Cock and balls! He’d been wondering when that would happen. Because for the last several hours she’d borne a striking resemblance to a suitcase nuke waiting to go boom!

“Hey guys,” he directed his voice toward the face-up phone, wincing when the door to the storage room slammed shut. The shelves stacked with stainless-steel coffee urns and rows of cups rattled with the impact. “I’m gonna need you two to find out how Irdina knew which beds to plant those incendiary devices under, because I suspect she had direction from someone here at the hotel. In the meantime, I’m gonna go after Penni. I need to make sure she’s okay.” Make some shit happen, indeed.

“Oui, mon ami,” Rock answered after a beat, once Dan’s cell signal had pinged to the other side of the globe and back. “But what if she decides to make a run for it—”

“We’re standing in a storage room just off a conference room,” he interrupted, understanding Rock’s confusion and concern before he finished the sentence. “Both can be locked from the outside.” He reached into his pocket to remove the universal keycard the hotel manager had given him.

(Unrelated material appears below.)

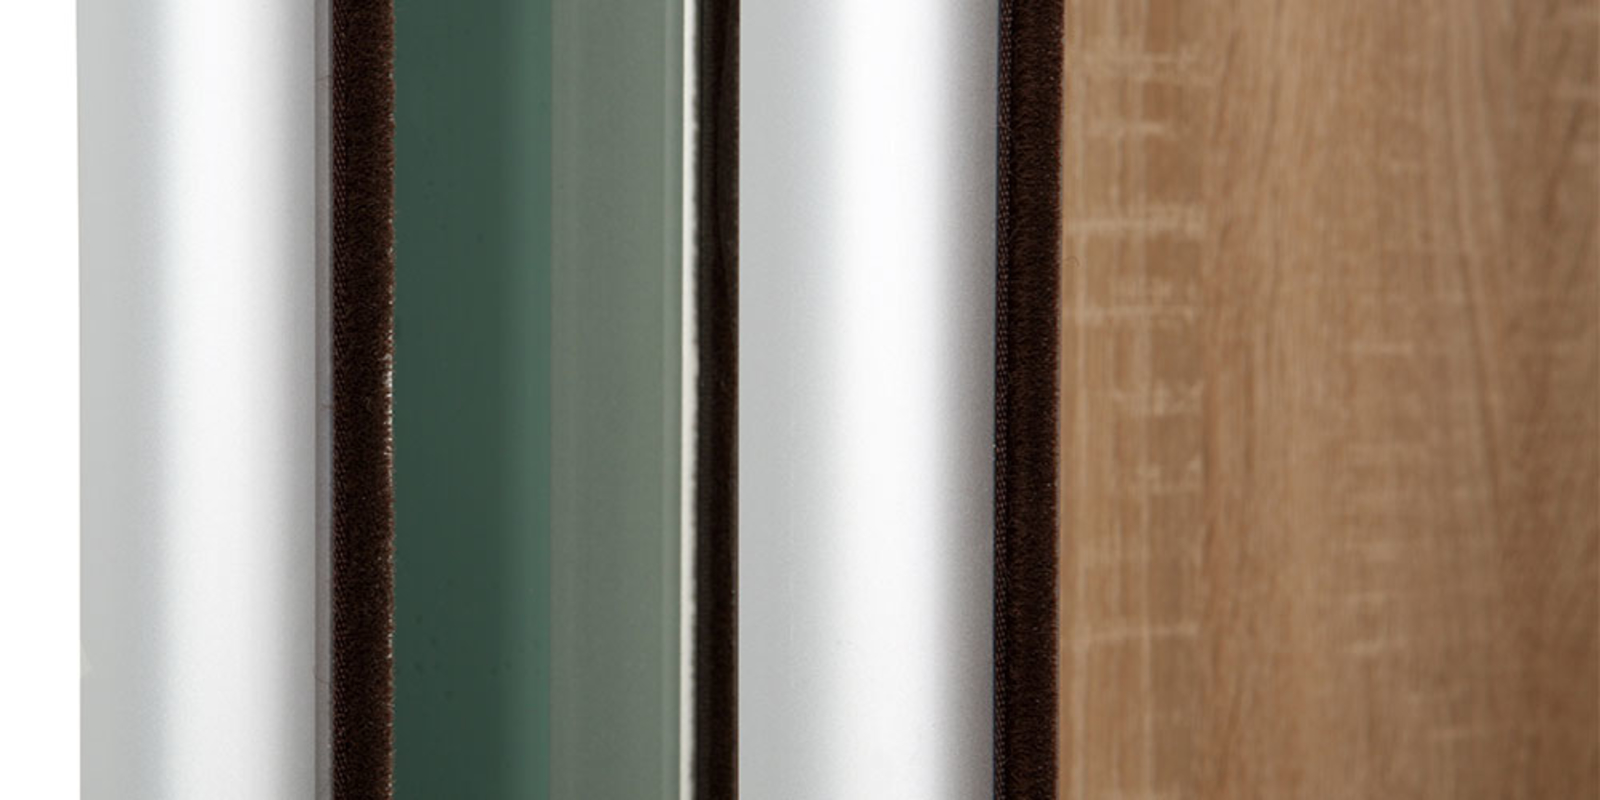 Шкаф-купе трехдверный Манхеттен дуб сонома/зеркальный от HomeMe.ru
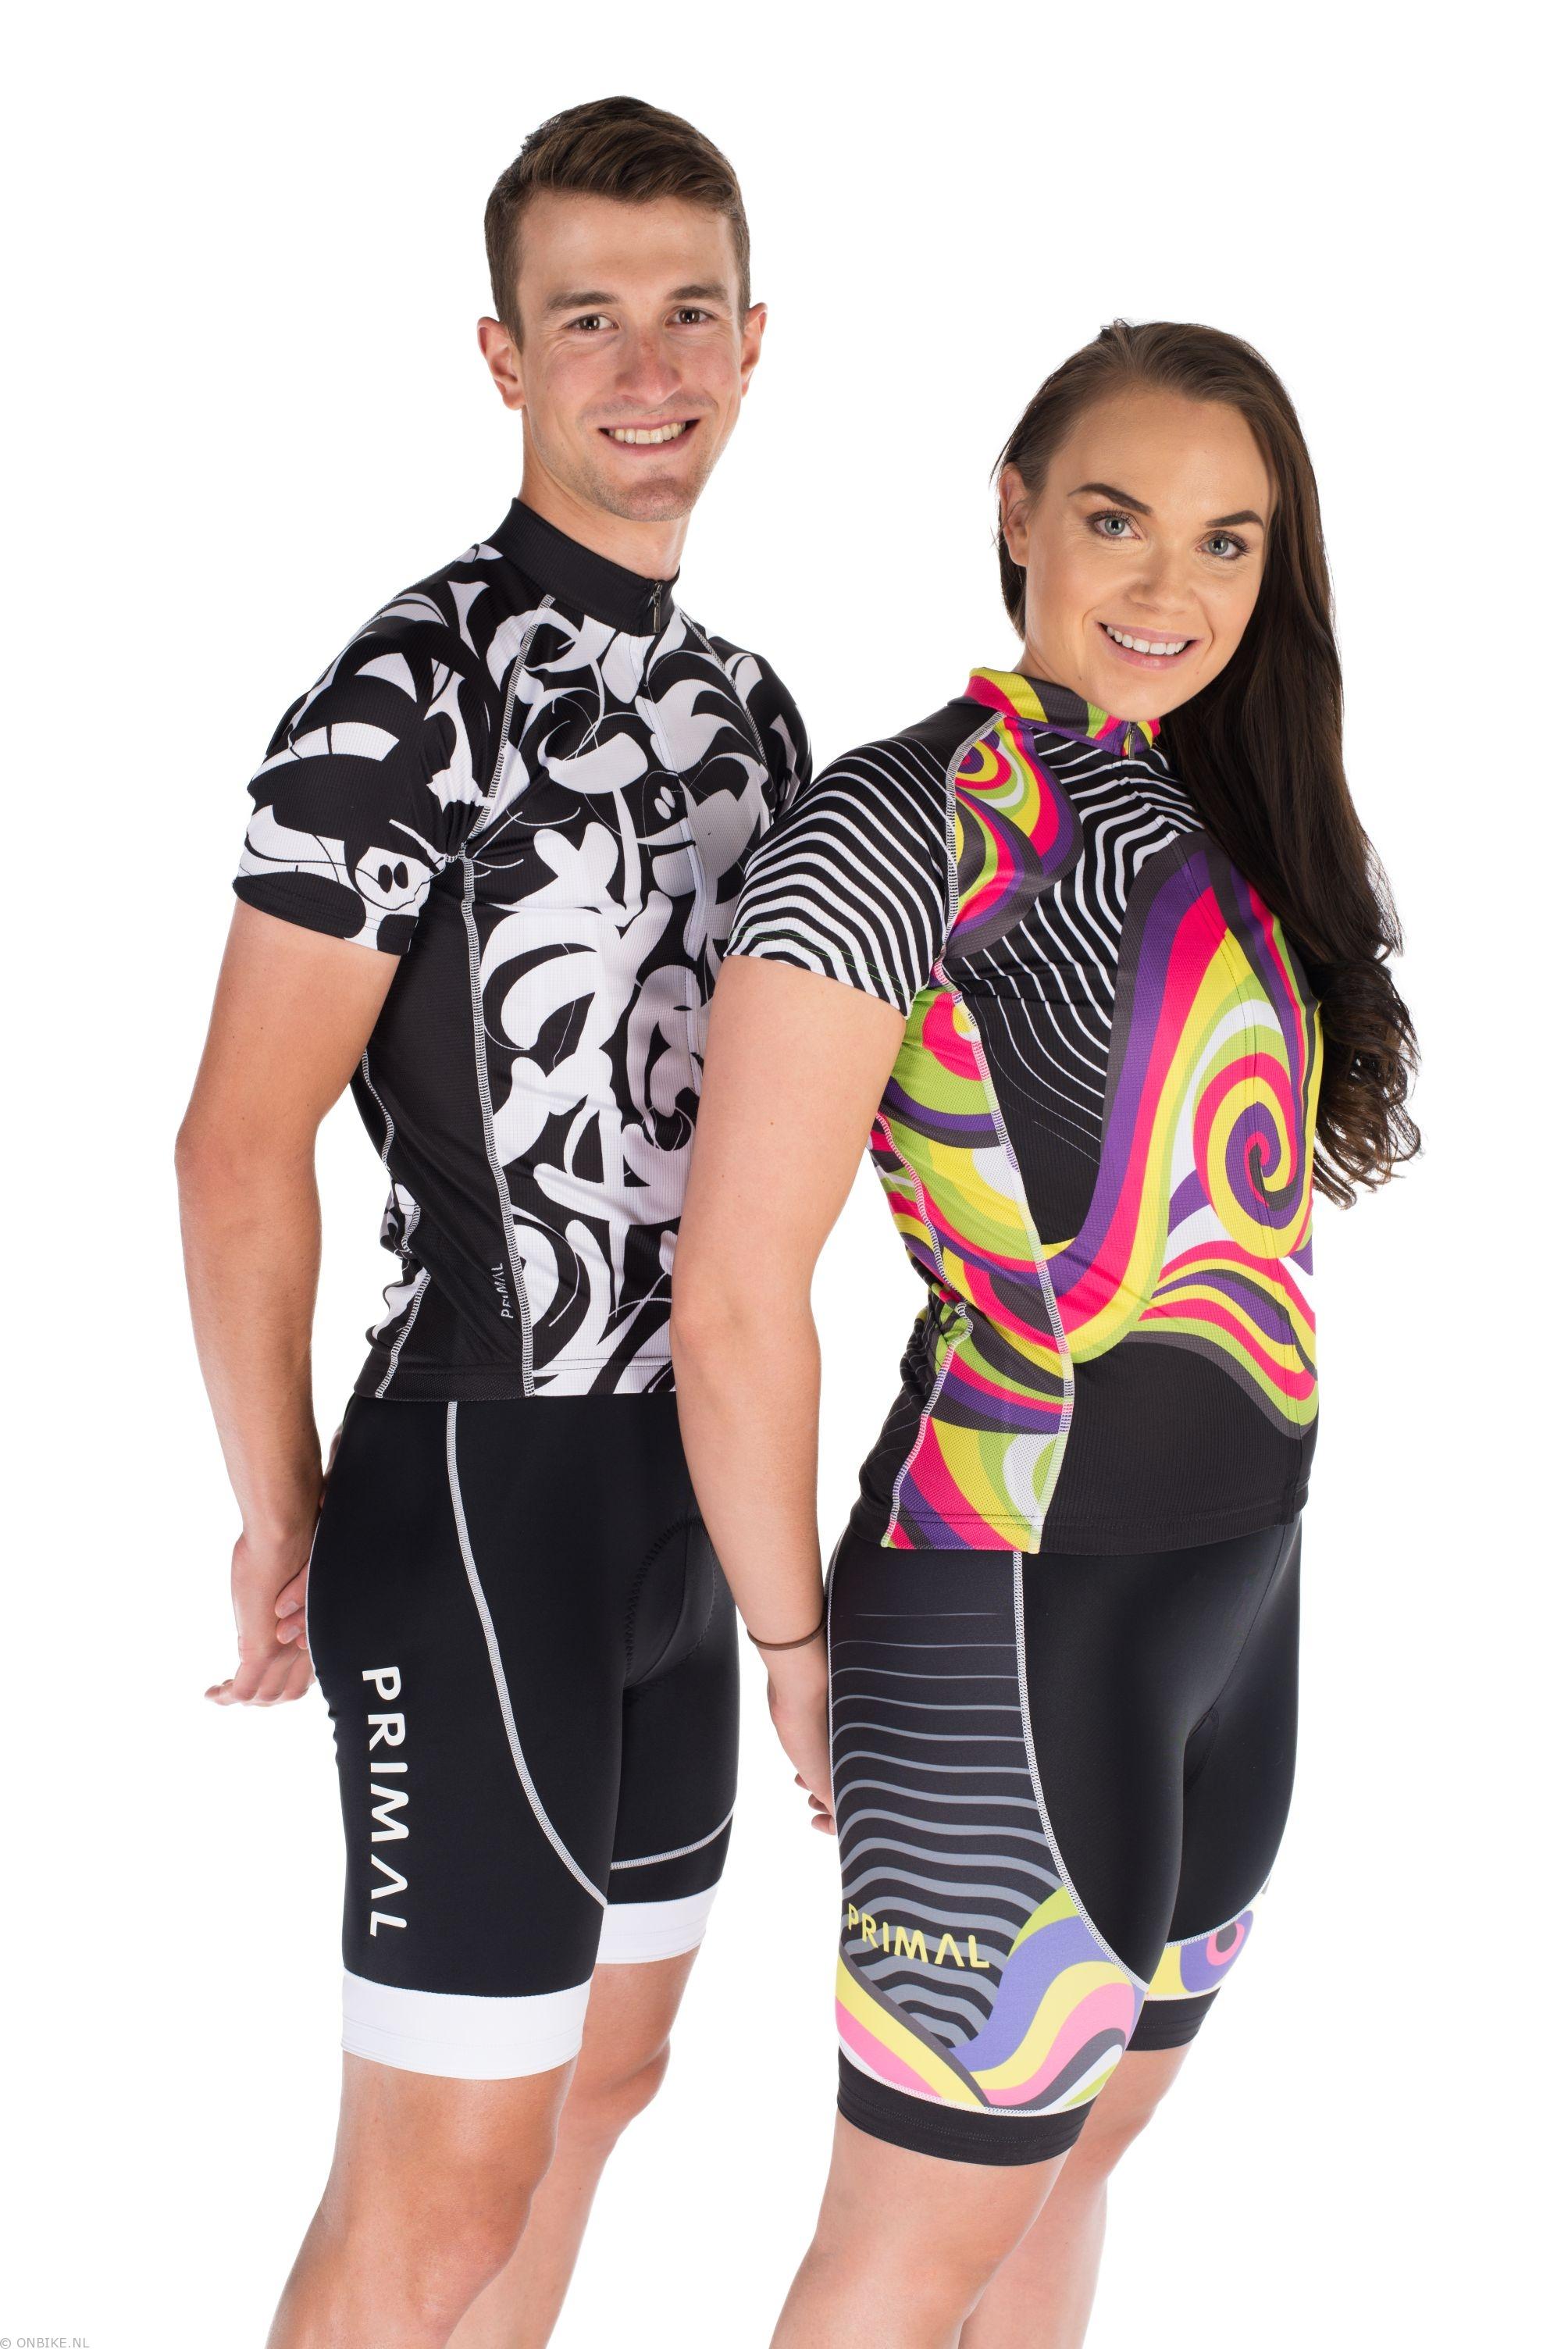 Primal wear fietskleding collectie 2018

“Right,” Rock said, but Dan was already opening the door, pulling it closed and securing it behind him.

“Penni!” he called. She was halfway across the vacant conference room, making a beeline for the hallway. Her ponytail flew out behind her as her long legs ate up the distance. “Penni, wait!”

She ignored him as she slammed out of the room. And the choked sob that drifted back to him hit his ears like a percussion grenade. He jettisoned after her, skirting the conference table and hopping over the trash can sitting beside a coffee service cart. Quickly pulling the door closed behind him, he scarcely registered the faint clicking sound of its automatic lock. Turning, he saw Penni disappear into the women’s bathroom.

Jogging down the deserted hallway—obviously the hotel manager had made good on Dan’s demands for privacy—he tried to think of what he could possibly say to Penni to bring her some small measure of comfort in this goddamned pisser of a situation. Unfortunately, like Eminem would say, I come from Detroit where it’s rough, and I’m not a smooth talker. But when he wrenched open the door to the ladies’ room only to have her instantly hurl herself into his arms, her nose buried in his neck, her hot tears wetting the fabric of his T-shirt, he realized no words were necessary.

Penni DePaul simply needed to be held. And, by God, he could certainly do that…

*

The river roared and thrashed over the rocks as Umar hung onto the rope he had strung across the watery expanse using an ancient technique his grandfather taught him. It basically consisted of attaching one end of the sturdy rope to a leader line, in this case some fishing filament, which was itself attached to native seedpod that was capable of floating atop water. Using a quickly constructed slingshot made of vines and palm bark, he sent the seed with the fishing line attached flying across the raging river. After a couple of failed attempts, the seed finally sailed over his target…the thick limb of a tree. Then, just as it’d done when his grandfather showed him how to do it twenty years ago, the weight of the seed caused it to fall to the ground, roll down the opposite bank, and plop into the water.

Then came the tricky part…

By carefully and patiently tugging, and subsequently letting out more and more slack in the lead line, Umar was able to make the seedpod dance across to their side of the river before it was washed too far downstream and he ran out of fishing filament. Then it was a small matter of sliding down the slippery bank without falling in, fetching the seed from the clutches of the seething water, and reeling in the line. Since the rope was attached to its opposite end, by reeling in the line, it forced the rope across the river, over the branch, and back to them. He finished the task by tying the two ends of the rope around the trunk of a tree. And, as the Americans would say, bingo! He and his men could now forge the volatile river by inching their way across the rope like silkworms. And even though the complicated maneuver had given his prey a head start of nearly two hours, it was far better than having to trudge the twenty or so miles down the trail to the next bridge.